The private aerospace company SpaceX will launch its powerful Starship rocket this Saturday from Texas, the largest ship in the world with which NASA seeks to return to the Moon.
If everything goes well, The Starship will take off from the SpaceX facilities in the town of Boca Chica, in the extreme south of Texas (USA), and it will do so powered by the first stage of the rocket, the Super Heavy launcher with 33 Raptor engines.
SpaceX is scheduled to launch starting at 7 am (local time) with a two-hour window. The ship, which together with the booster rocket measures 121 meters high, is expected to reach its orbit and make an almost complete revolution around the planet to complete its journey in the waters of the Pacific Ocean, near Hawaii.
And the space industry is looking forward to this test flight, initially scheduled for this Friday, after a first attempt that ended in a massive explosion.

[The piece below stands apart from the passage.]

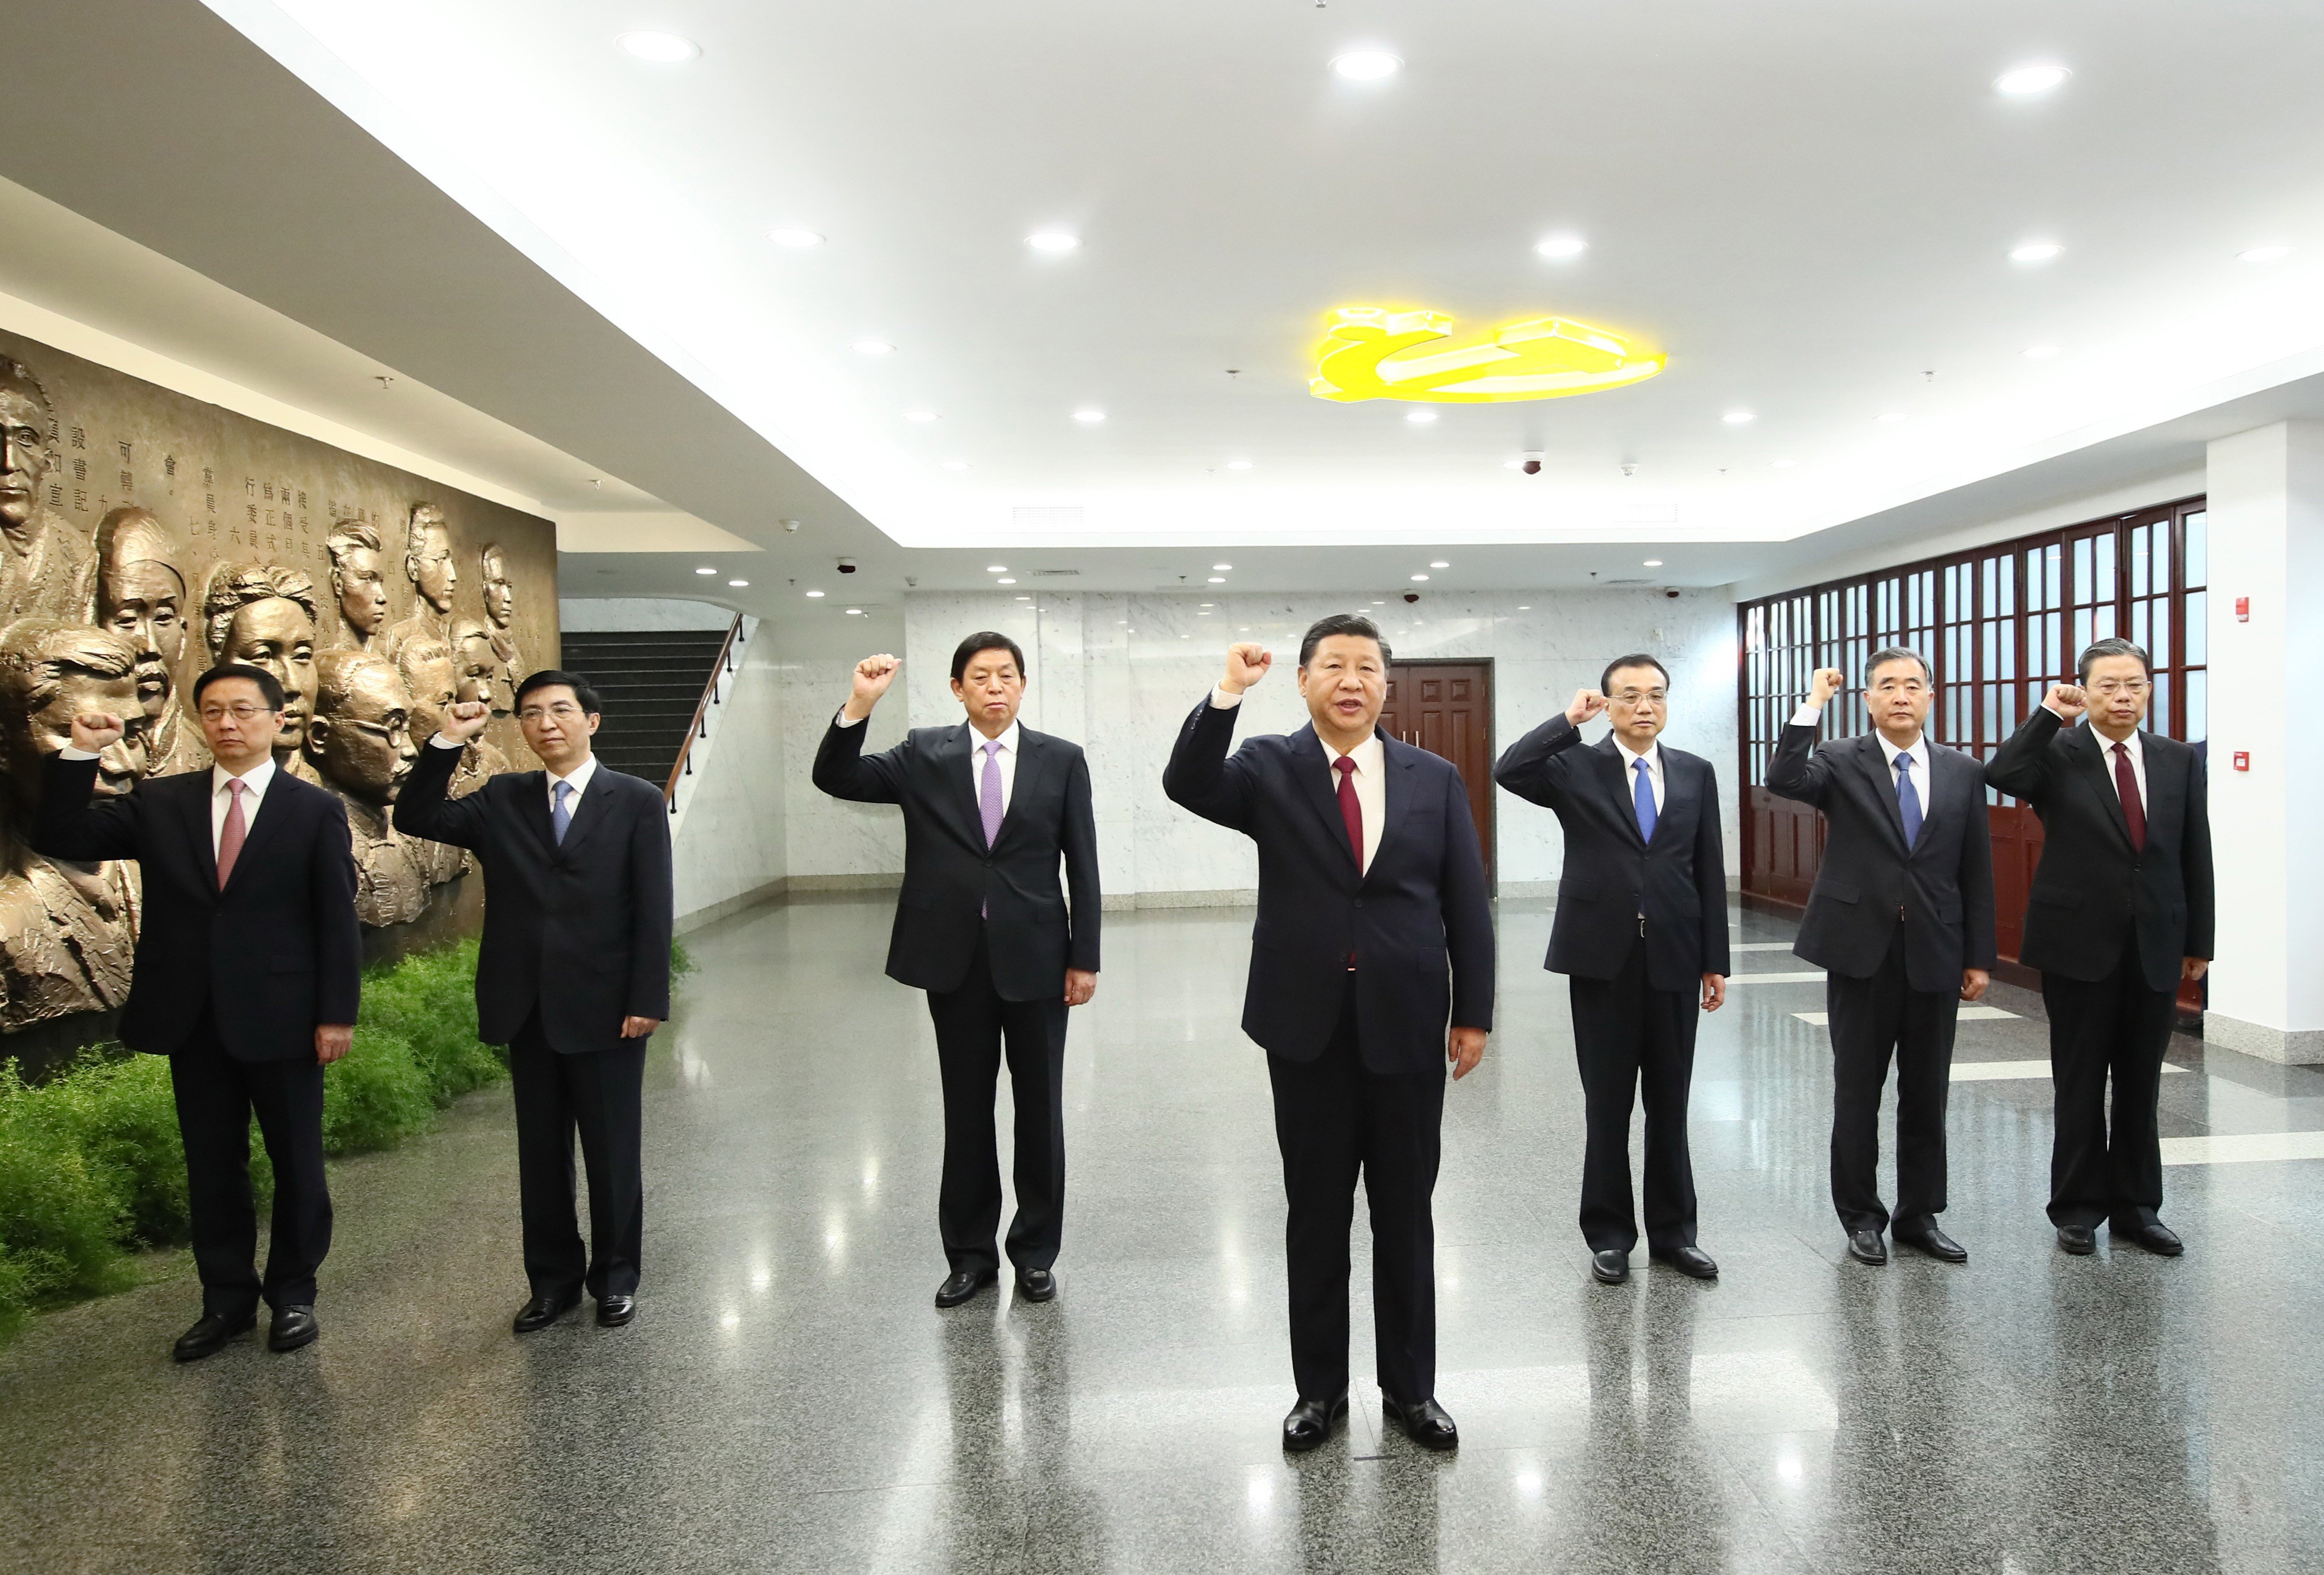 Chinese President Xi Jinping (centre) leads the members of the Standing Committee of the Politburo in an oath-taking ceremony in Shanghai in October. The party chief recently conducted appraisals of all 24 members of the Politburo in what is set to become an annual event. Photo: Xinhua

On April 20, SpaceX was forced to explode an uncrewed Starship rocket four minutes after taking off from the launch base because the first stage booster did not separate from the ship. The ship disintegrated into a fireball and crashed into the Gulf of Mexico, sending a cloud of dust over a city several kilometers away.
(Also read: Why did Elon Musk’s Starship superrocket explode in mid-air?)
After a month-long investigation, The United States Federal Aviation Administration finally authorized SpaceX to try again on Wednesday, despite objections from conservation groups and an ongoing lawsuit against the regulator for allegedly failing to conduct sufficient environmental impact assessments.
The firm has made some improvements, among them one related to the separation process and by which the second stage, the Starship itself, will turn on its engines during the same separation process, and not after, in order to achieve more power.
(In other topics: How likely is it that Donald Trump will end up convicted by the US justice system?)
Changes have also been made to the Starbase launch pad, in Texas, to mitigate the effects of the first stage engines, and which constitutes one of the aspects analyzed by the FAA after the first test carried out on the morning of April 20 .SpaceX plans to use the Starship, a fully reusable spacecraft that produces more thrust than any other in history, as a vehicle to colonize Mars in the future.
The US space agency is also closely monitoring the results of the test flight, given that The Starship will be responsible for taking the astronauts of the manned Artemis III mission to the lunar surface, a trip initially contemplated for the year 2025.
The Artemis program, with which NASA will return to the Earth satellite after more than 50 years, has the Space Launch System (SLS) launch rocket and the Orion capsule, which have already been tested in the unmanned mission Artemis I, which between November and December 2022 orbited the Moon and then returned to Earth.
According to some specialized media, the US space agency, which is in a race with China that has the Moon as its goal, has spent some 4 billion dollars (3.6 billion euros) on the development of the Starship.